I offered what I could by saying that we could still reschedule and that it was not an issue for me at all. But Taalay wanted to mark the job done. As soon as I suggested filming in the Aftab Khan Library, Taalay ran off to get permission from the Baitul Futuh administration.
He came back disappointed as he had been told that the library was closed under Covid restrictions and the administration was not happy to hand over the keys to anyone. Taalay could see his recording being compromised for unavailability of appropriate space. I suggested that we try one more time.
Having offered a “personal guarantee” that the library would be returned in the shape we found it in, and that safety and security was also on us, we were given the key and permission to record.
As we got the key, the colours of delight that waved on Taalay’s face and the twinkle in his eye is vividly before me as I write these lines. But it also highlights another beautiful aspect of Taalay’s personality: He was passionate about his work but where he saw a line drawn by the nizam-e-Jamaat (operational/administrative system of the Jamaat), he froze in his steps and withdrew.

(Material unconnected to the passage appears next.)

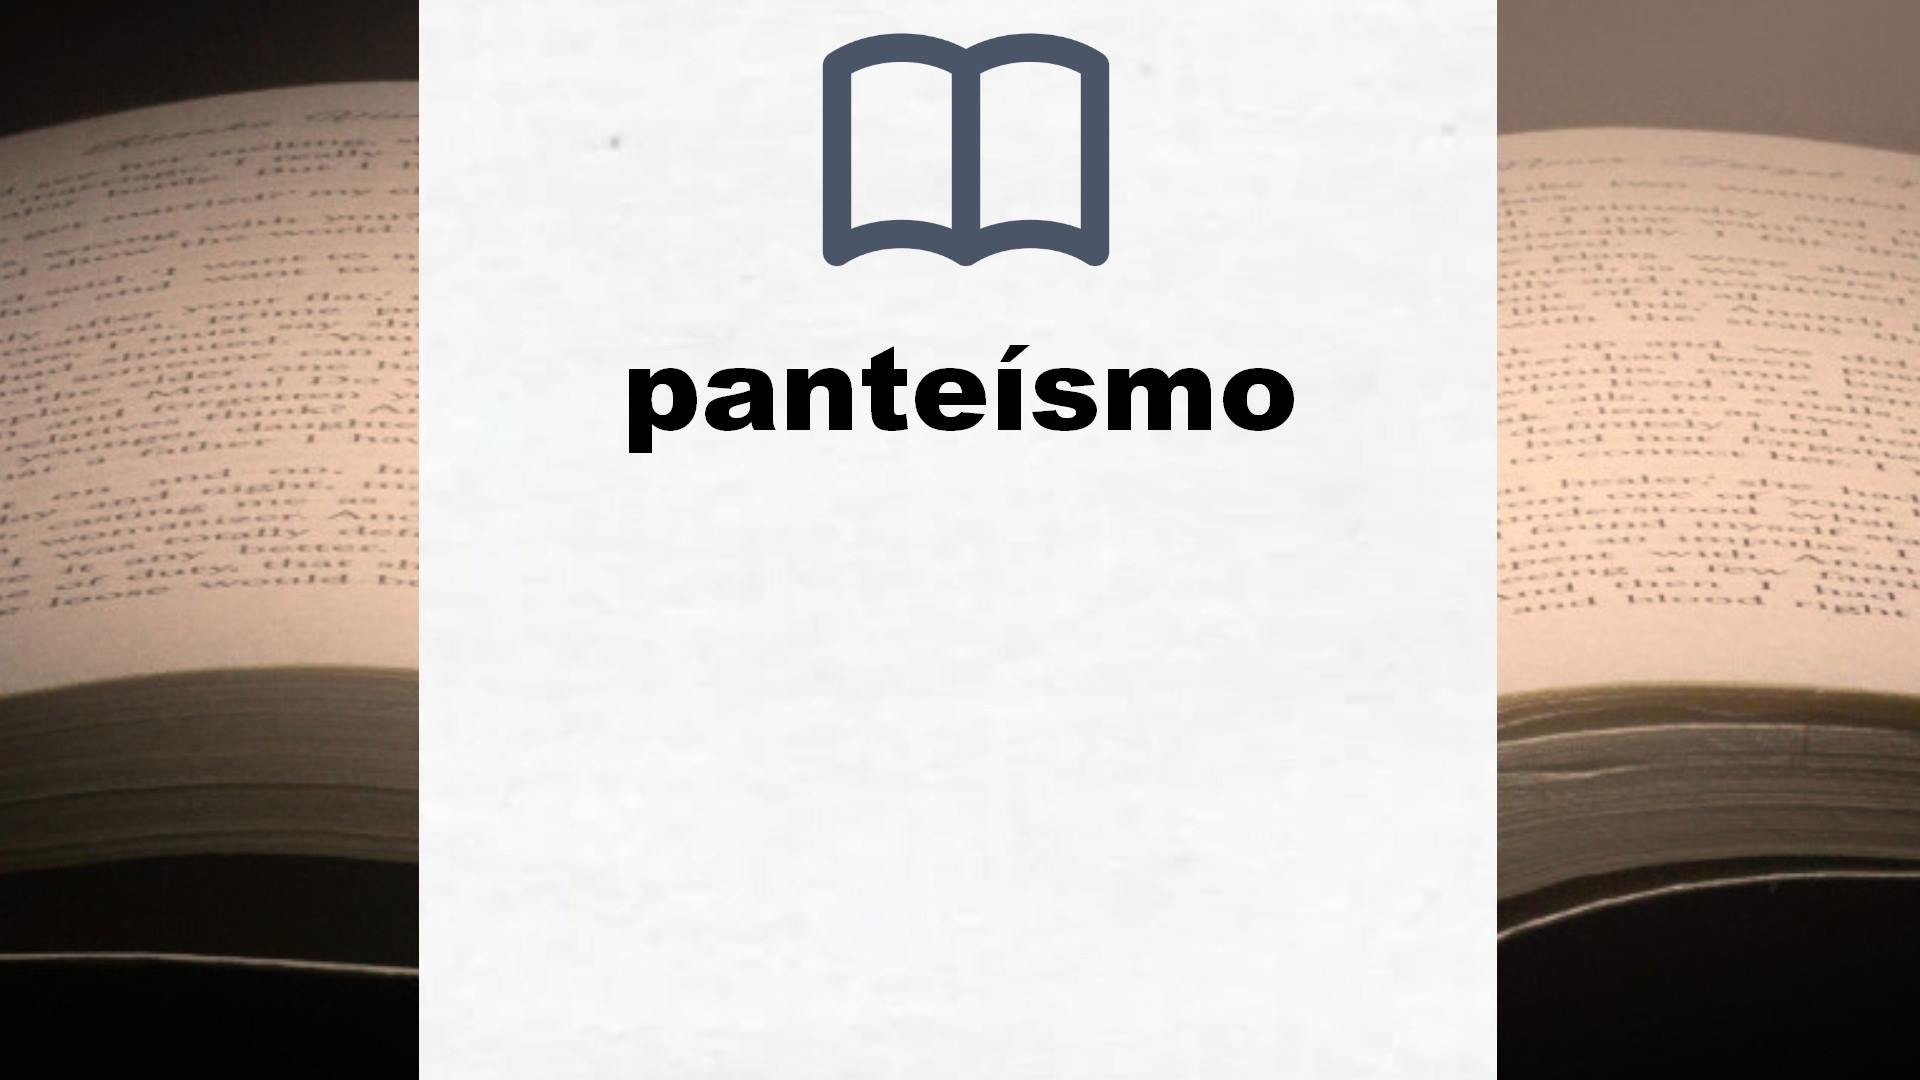 Libros sobre panteísmo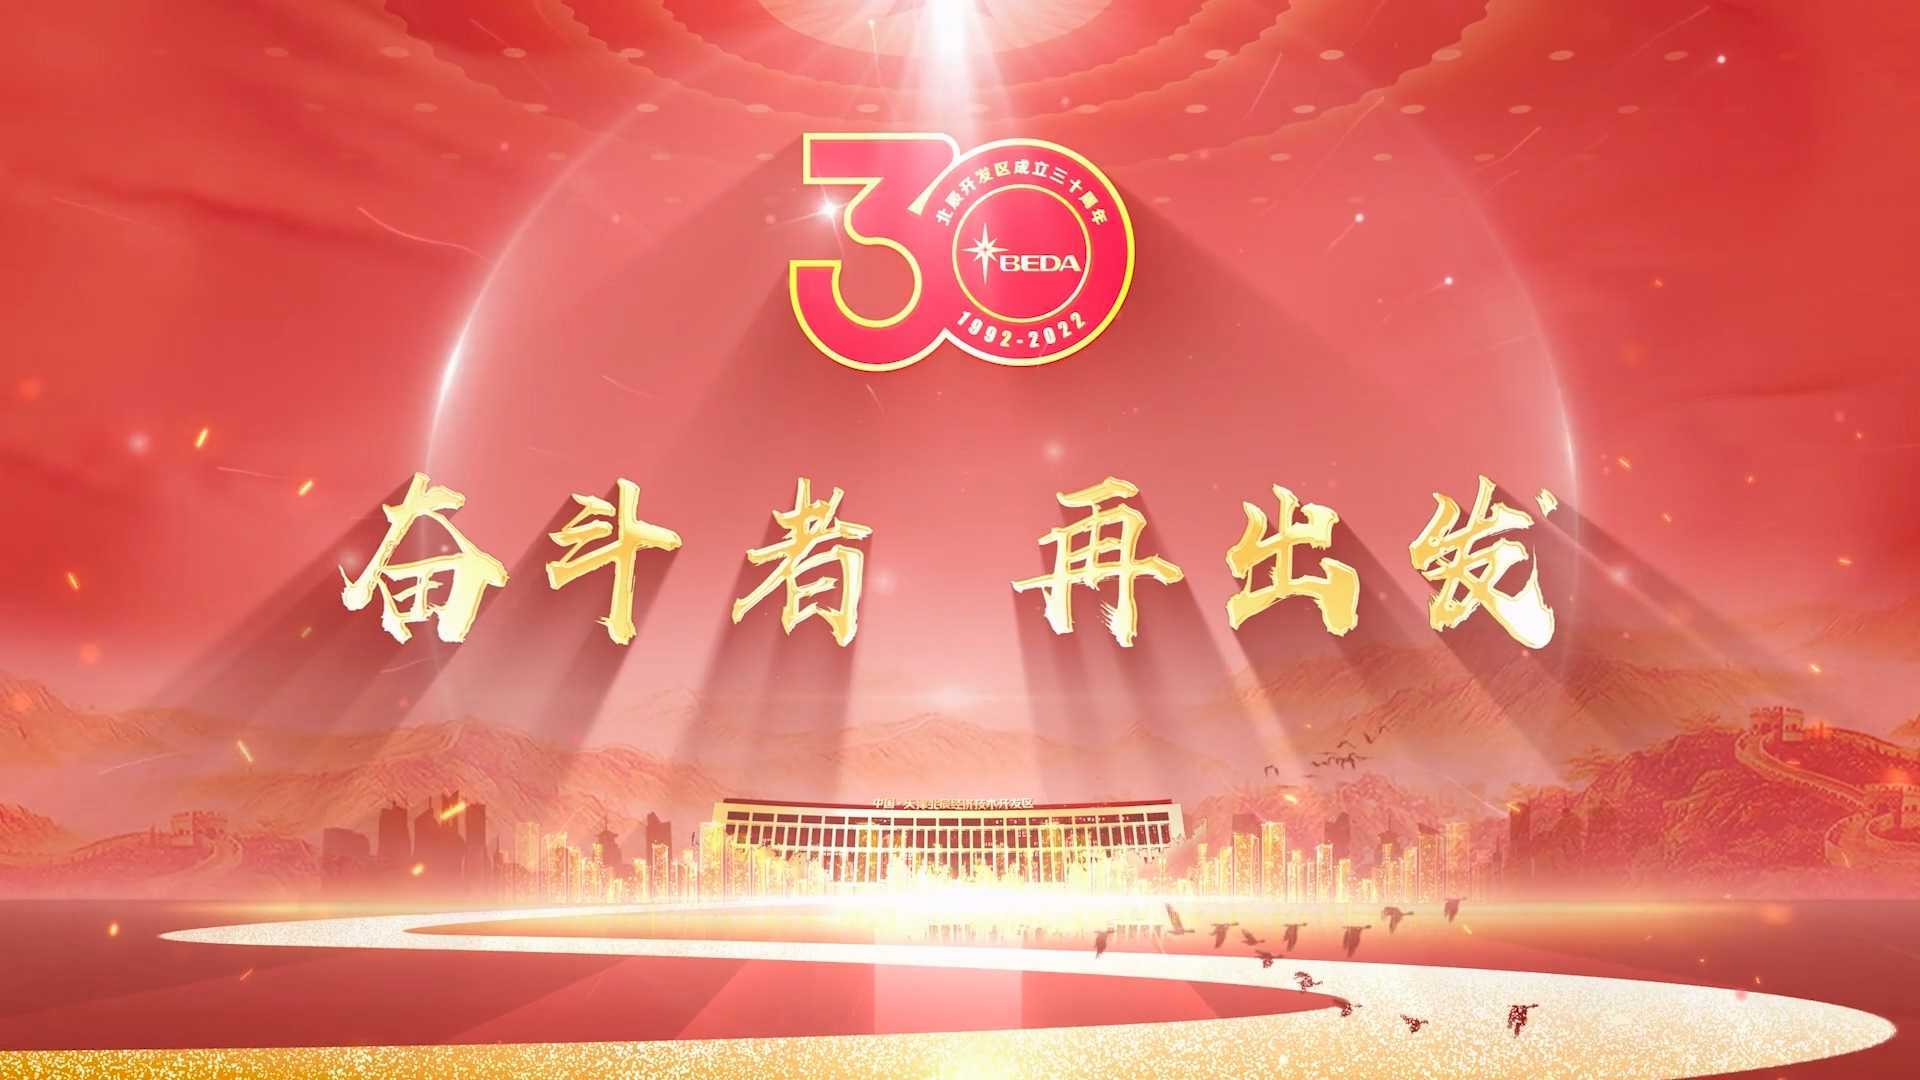 奋斗者再出发-北辰开发区30周年宣传片

When his desire to film in the library was achieved by fair means, we both kept the promise made with the Baitul Futuh administration. And in doing so, Taalay took extreme care in ensuring that what we had guaranteed was fulfilled down to the letter.
This recording was for a documentary on Hazrat Sir Zafrulla Khan Sahibra that Taalay was working on. It had previously been assigned to another colleague who had painstakingly acquired very valuable material to go into it. But this “painstaking” exercise had also taken quite a number of years.
When Taalay was appointed to oversee the work, I jokingly said, “Taalay, I hope we’re able to see this documentary in our lifetimes.”
Taalay replied with his typical, robust laughter.
Today, I feel like asking, “Taalay! What did you laugh at that day? Back then, I had thought that you were only returning a laughter for the joke. But it turns out that you were serious. You walked away without seeing the completion of this documentary in your lifetime. Why did you have to do this?”
Today, I send you my last message. Not on your mobile, but right here:
“Taalay! You loved everything that had anything to do with Huzooraa. I always had a feeling that you could shed your life for any such thing. But you have actually done so!
“You went to Ghana and thought about what you could offer to the land where Huzooraa had once lived, and that too in times of hardship.
“You found nothing better than your life to offer to that land. And you coloured its soil with your blood.
“What can I say? I do not want this message to sound elegiac. I write here a couplet and end my message:
شہید جسم سلامت اٹھائے جاتے ہیں
خدا نہ کرد کہ میں تیرا مرثیہ لکھوں
“(I am sure the ‘humble Englishman’ will get it right.)
“(PS: And sorry, no emoji this time. I couldn’t find one to aptly reflect my feelings right now!)”
I sent this article to Hazrat Khalifatul Masih Vaa. The note I received is no less than a monumental summary of Taalay’s life (and his demise). Huzooraa said:
“He was among those who attended my classes from the very start. He fulfilled the pledge he made with me and did justice to it.”